Lorentz-Mie scattering calculation using fortran

added by Ben on May 31, 2016

program mie_code

! reference: Hong Du: Mie-Scattering Calculation, Applied Optics, 
!                     Vol. 43, Issue 9, pp. 1951-1956 (2004)

implicit none

integer :: i,j,k

integer, parameter :: n = 100  ! number of coefficients 

double precision :: x = 5.0  ! Mie Parameter (2*pi*r/wl)

double complex :: ri = (1.33d0,-0.0d0)  ! refractive index 

double complex, dimension(n) :: ma , mb  

double precision, dimension(:,:), allocatable :: pi , tau  

double precision, dimension(0:n) :: phi , chi 
double complex, dimension(0:n) :: zeta  

double complex, dimension(0:n) :: rn  

double complex, dimension(:), allocatable :: sa1 , sa2 

double precision, dimension(:), allocatable :: p11,p12,p33,p34  

double precision :: qe

double precision :: albedo , gfact

integer :: nb_angles

double precision :: teta
double precision :: teta_resol = 1.0 ! scattering angle resolution

double precision :: s , t

double precision :: temp1 , temp2 , temp3
double complex :: ctemp1 , ctemp2 ,ctemp3

double precision :: coef1 , coef2 , coef3 , coef4

double precision :: norm

double precision :: cdr = 0.01745329252

double complex :: ci = (0.0d0,1.0d0) 

!----------------------------------------------------------------------------------------!

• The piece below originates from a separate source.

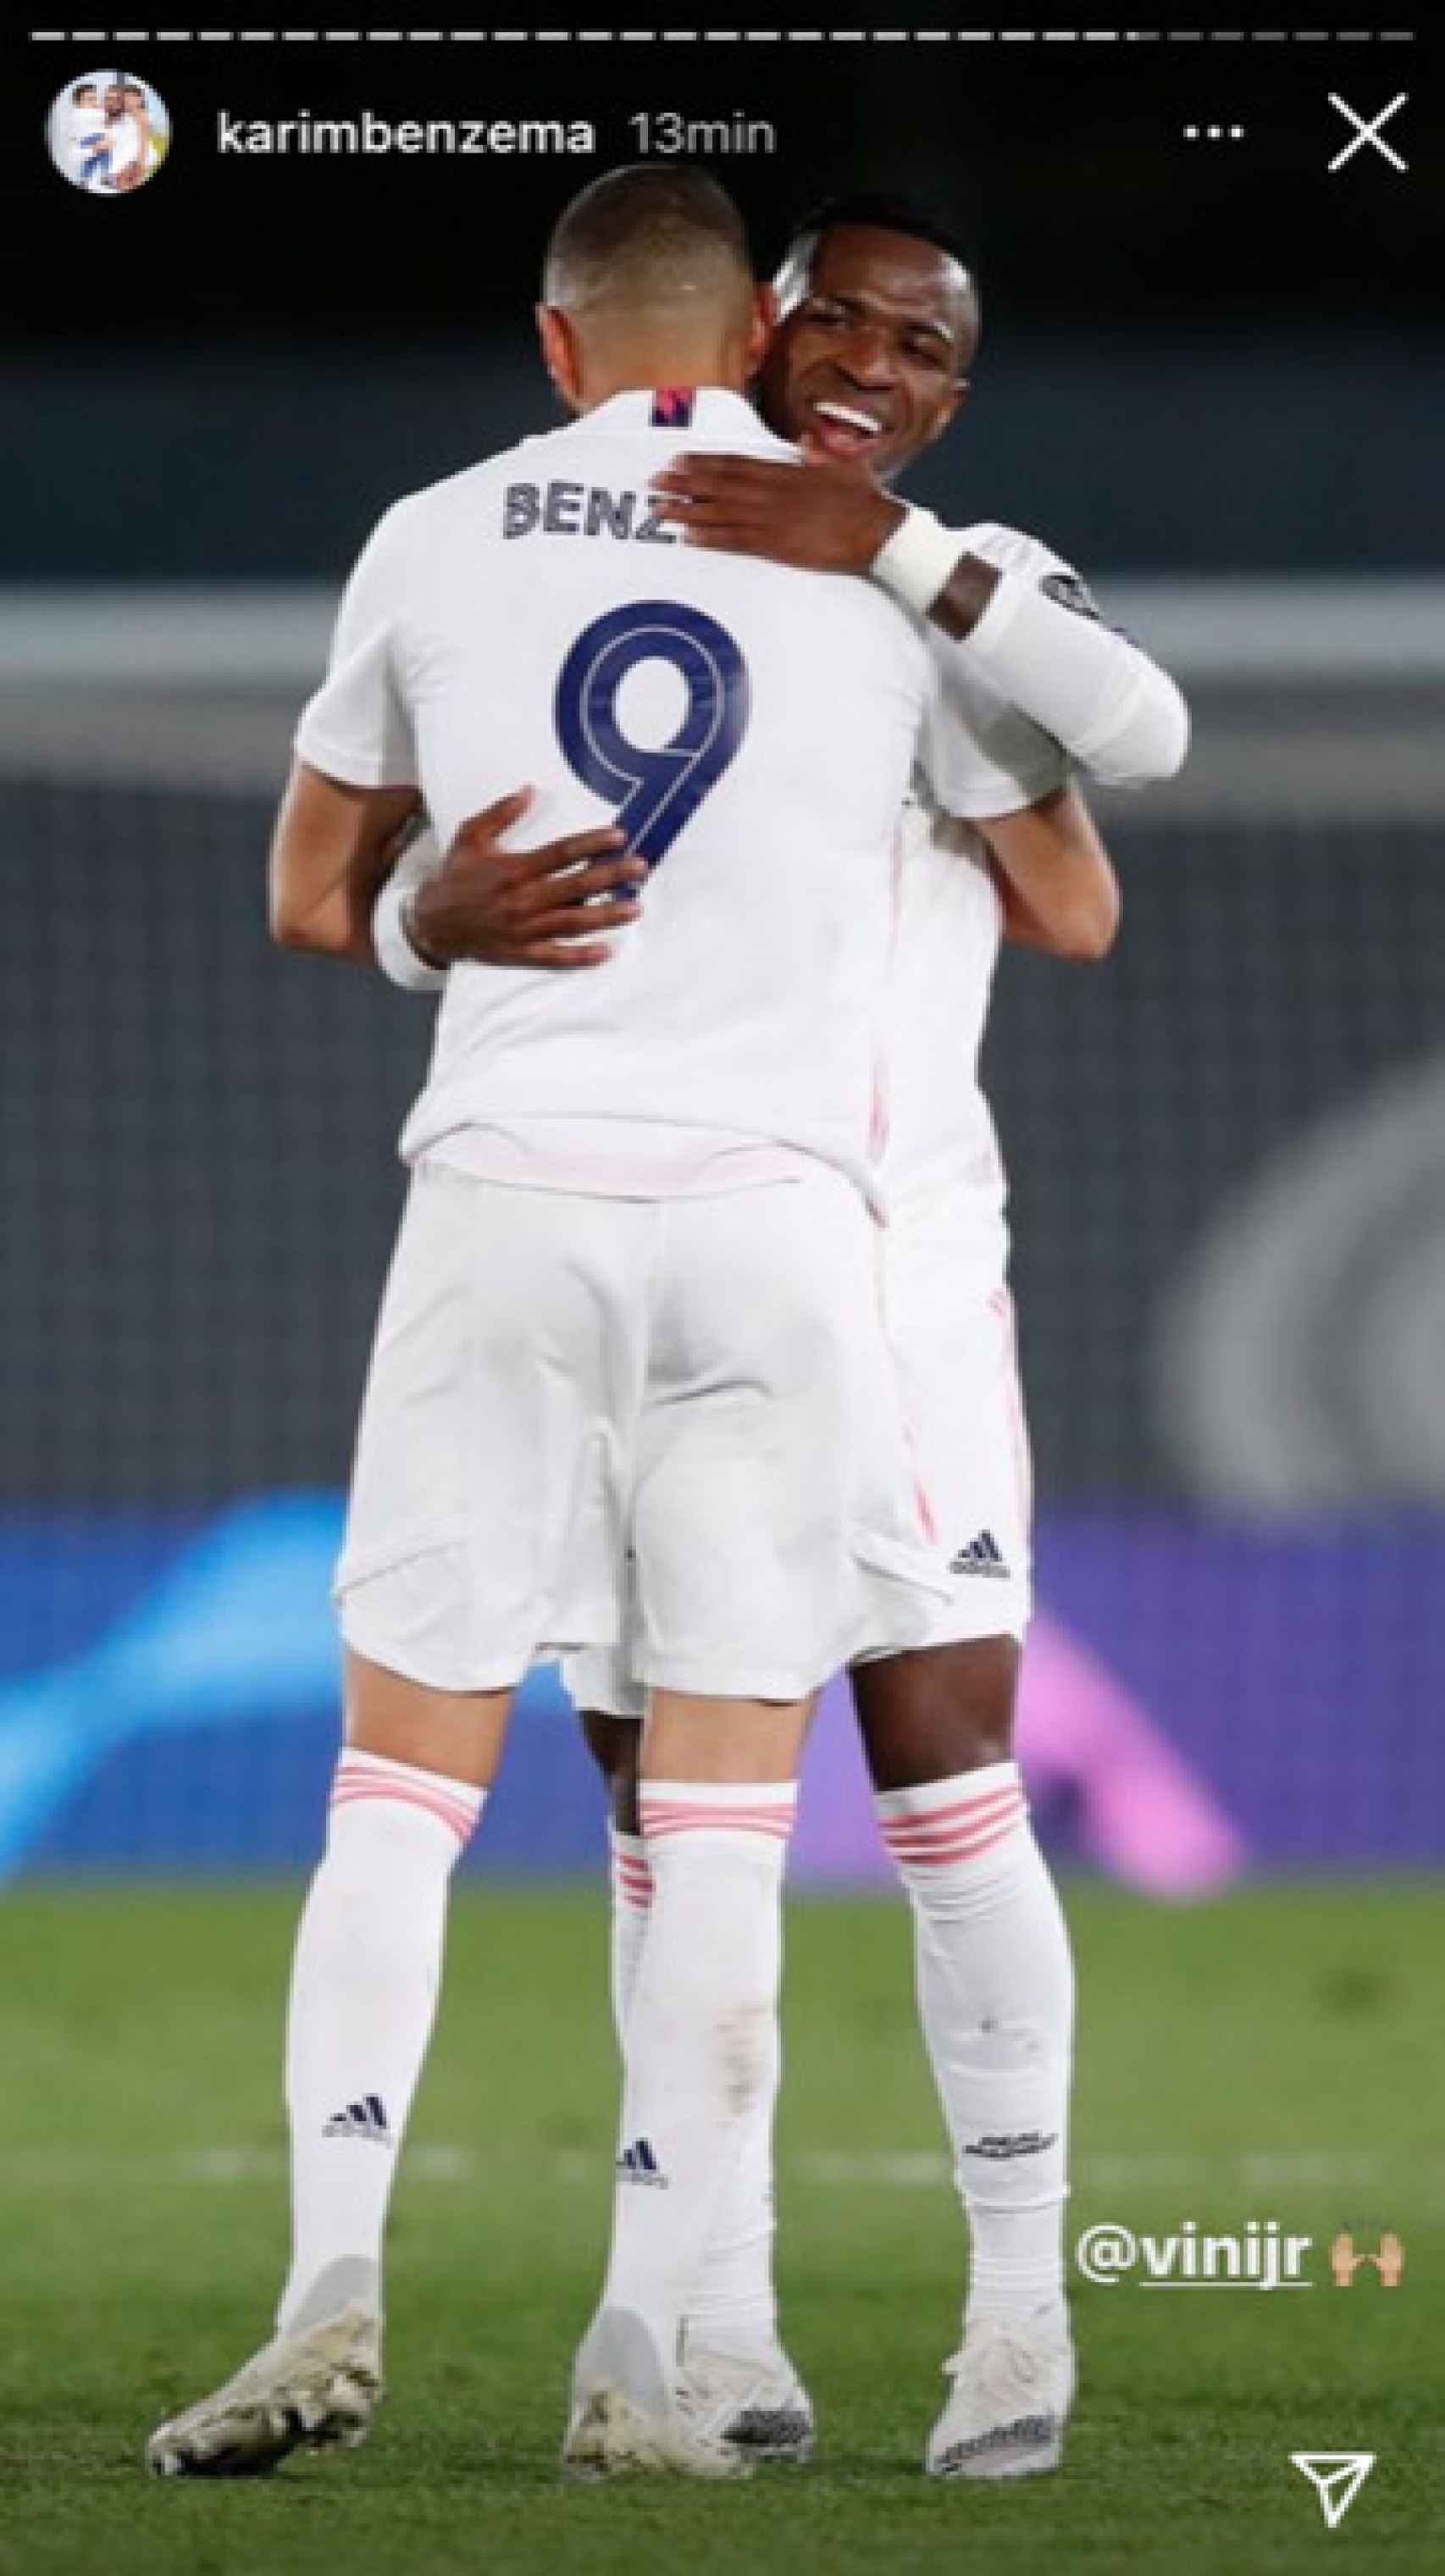 El abrazo entre Benzema y Vinicius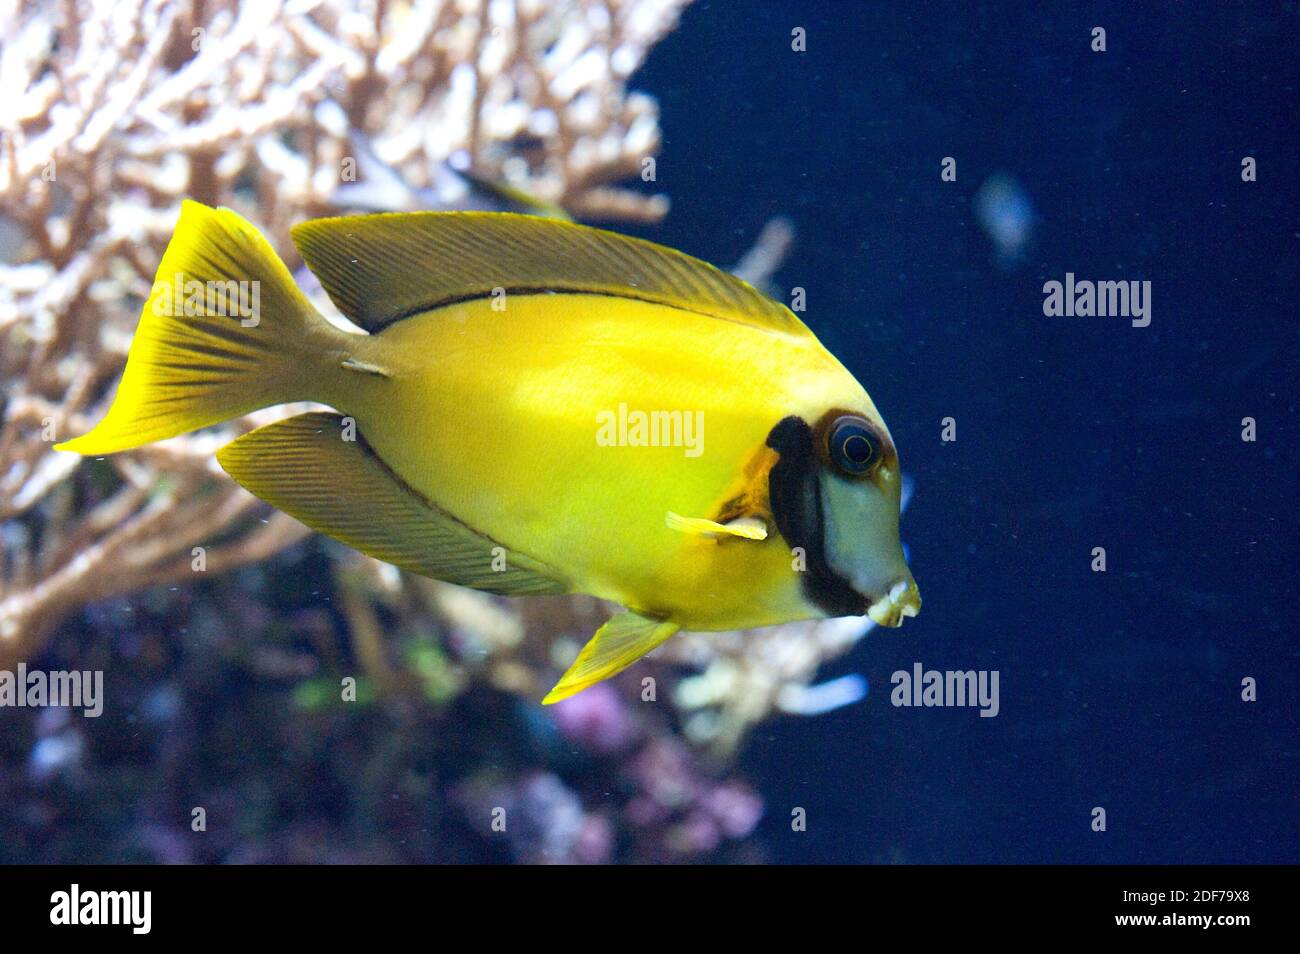 El pez surgeonfish (Acanthurus pyroferus) es un pez marino tropical nativo del Océano Indo-Pacífico. Foto de stock

if (n < int(x)) write(6,*) 'Warning: number of coeffs n is not enough !'

nb_angles = int(180/teta_resol) + 1

allocate( pi(nb_angles,n) )
allocate( tau(nb_angles,n) )

allocate( sa1(nb_angles) )
allocate( sa2(nb_angles) )

allocate( p11(nb_angles) )
allocate( p12(nb_angles) )
allocate( p33(nb_angles) )
allocate( p34(nb_angles) )

do i = 1 , n
	ma(i)  = (0.0d0,0.0d0)
	mb(i)  = (0.0d0,0.0d0)
end do

do i = 1 , nb_angles
do j = 1 , n
	pi(i,j)  = 0.0d0
	tau(i,j) = 0.0d0
end do
end do

do i = 1 ,nb_angles
	sa1(i) = 0.0d0
	sa2(i) = 0.0d0
end do

!----------------------------------------------------------------------------------------!
! Step 1: Calculations of the Mie angular functions.

teta = 0.0d0

do i = 1 , nb_angles

!---- pi function

temp1 = dcos( teta * cdr )

temp2 = 0.0d0
temp3 = 1.0d0
pi(i,1) = temp3
do j = 2 , n
	s = temp1 * temp3
	t = s - temp2
	pi(i,j) = s + t + t / ( j - 1 )
	temp2 = temp3
	temp3 = pi(i,j)
end do

!----- tau function

tau(i,1) = temp1
do j = 2 , n
	t = temp1 * pi(i,j) - pi(i,j-1)
	tau(i,j) = j * t - pi(i,j-1)
end do

teta = teta + teta_resol
end do

!----------------------------------------------------------------------------------------!
! Step 2: Calculations of the Riccati-Bessel functions by upward recurrence.

!----- phi function

temp1 = dcos( x )
phi(0) = dsin( x )
temp2 = phi(0) 
do i = 1 , n
	phi(i) = ( ( 2 * i - 1 ) / x ) * temp2  - temp1
	temp1 = temp2
	temp2 = phi(i)
end do

!----- chi function

chi(0) = dcos(x)
temp1  = chi(0) 
chi(1) = dcos(x) / x + dsin(x)
temp2  = chi(1) 
do i = 2 , n
	chi(i) = ( ( 2 * i - 1 ) / x ) * temp2  - temp1
	temp1 = temp2
	temp2 = chi(i)
end do

!----- zeta fcuntion

do i = 0 , n
	zeta(i) = phi(i) + ci * chi(i) 
end do

!----------------------------------------------------------------------------------------!
! Step 3: Calculations of the complex functions rn(mx) by upward recurrence.

temp1 = dble( ri ) * x
temp2 = aimag( ri ) * x

coef1 = dtan( temp1 ) - dexp( - 2.0 * temp2 ) * dtan( temp1 )
coef2 = 1.0d0 + dexp( - 2.0 * temp2 )
coef3 = - 1.0d0 + dexp( - 2.0 * temp2 )
coef4 = dtan( temp1 ) + dexp( - 2.0 * temp2 ) * dtan( temp1 )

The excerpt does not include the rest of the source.